FSA K FORCE COMPACT CHAINSET
DURA ACE BOTTOM BRACKET
FSA K FORCE 44 BARS
FSA K FORCE 110 STEM
FSA K FORCE 25 SETBACK SEATPOST
GORE CABLES
SPECIALIZED ALIAS BG 143 SADDLE
LOOK KEO 2 MAX CARBON PEDALS
MAVIC KSYRIUM SL 2011
SCHWALBE ULTREMO R1 TYRES
ULTEGRA 6700 STI's
ULTEGRA 6700 BRAKE CALIPERS
ULTEGRA 6700 FRONT MECH
ULTEGRA 6700 REAR MECH
DURA ACE CHAIN
GARMIN EDGE 705 

Click on image for full size pic


----------



## LeeBradySL2 (Oct 8, 2010)

hairyviking said:


> well, I think they already have nice groupos that they are comfortable with. After buying compete, swapping parts and re-selling they may come off better.
> If I had a group set I already really liked I would probably just buy the frameset, but I should be buying as an employee.


Okay...................the reason why I bought a complete Tarmac Comp 2011 and stripped it down.

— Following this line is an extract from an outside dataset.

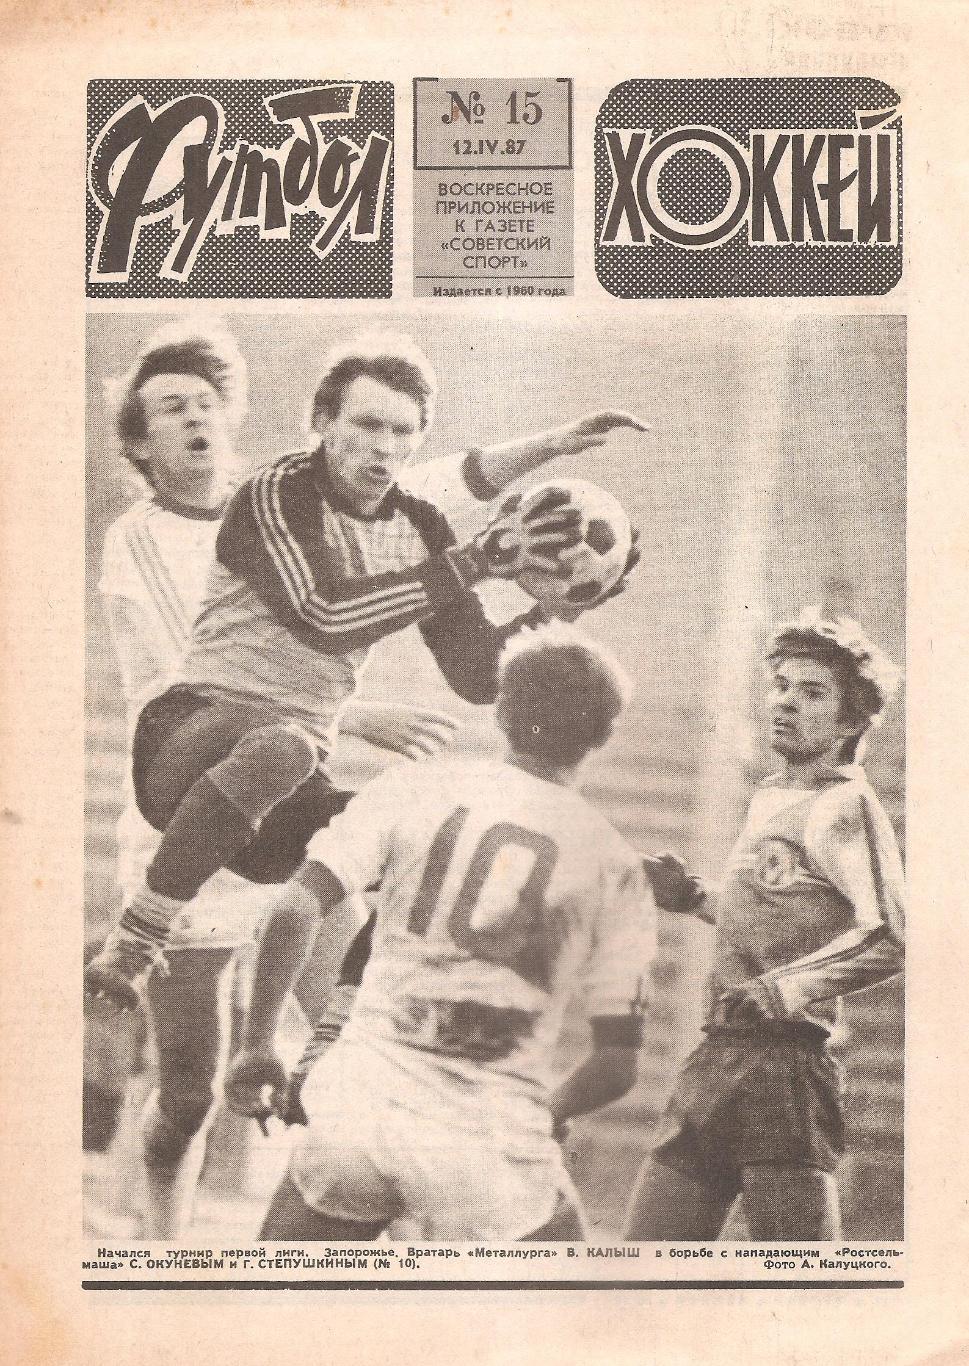 Футбол-Хоккей № 15. 12.04.1987 г.

1. I was riding a 2009 Trek Madone Compact with the majority of parts on the Tarmac previously fitted to the Trek

2. I took all the parts off my Trek and replaced them with everything off the new Tarmac so I was left with a used Trek Madone Frame with everything else being brand new and unused. see pic below of trek with new parts on



3. I paid £1750 GBP for the Tarmac Comp from my LBS

4. I sold the Trek Madone for £1450 on fleabay

5. Financially that means the Tarmac Frameset cost me £300 GBP!! Bit of a no brainer really :thumbsup:


----------



## nis240sxt (Oct 6, 2004)

For me and most of the times, the color/model I like is not available as a frameset. Therefore, buying the complete bike and selling off the new pieces worked out perfectly. I get the model i really want and gruppo/parts exactly the way I want it.


----------



## hairyviking (Jun 11, 2010)

LeeBradySL2 said:


> 5. Financially that means the Tarmac Frameset cost me £300 GBP!! Bit of a no brainer really :thumbsup:



exactly what I was getting at... you can get more/ spend less by buying compete, swapping parts and selling old frame with new group.


----------



## PJ352 (Dec 5, 2007)

Just to clarify my question. I wasn't posing it in any judgemental way. It was simply a curiosity on why two posters in one thread would have done essentially the same thing with a new (complete) bike. IMO/E that's somewhat unusual, but not at all unheard of. And I'm in agreement that there are a number of reasons to do so.


----------



## CEARACING (Sep 5, 2011)

So nice!!!, i have a tarmca comp very similiar to your bike, mine is in white color and with ksyrium sr wheels, now i i`ll fit a prologo saddle and i want to install a new stem too, could you answer me a question, what brand are the direction spacers???, does it fit ok with the cane creek???, cause i'm trying to find the original cane creek carbon spacers but i don't find them
Cheers!!


----------



## HL23 (Oct 6, 2008)

nice bike


----------



## Halcyon819 (Oct 19, 2011)

soooooo niccceeee


----------



## Stumpy2011 (Aug 1, 2011)

Hi Lee Brady, Smooth Bike
What is the extender you use for the Garmin Edge ?
I can see the ITM logo, but cannot find the item on their WWW site.


----------



## CEARACING (Sep 5, 2011)

Mine:


----------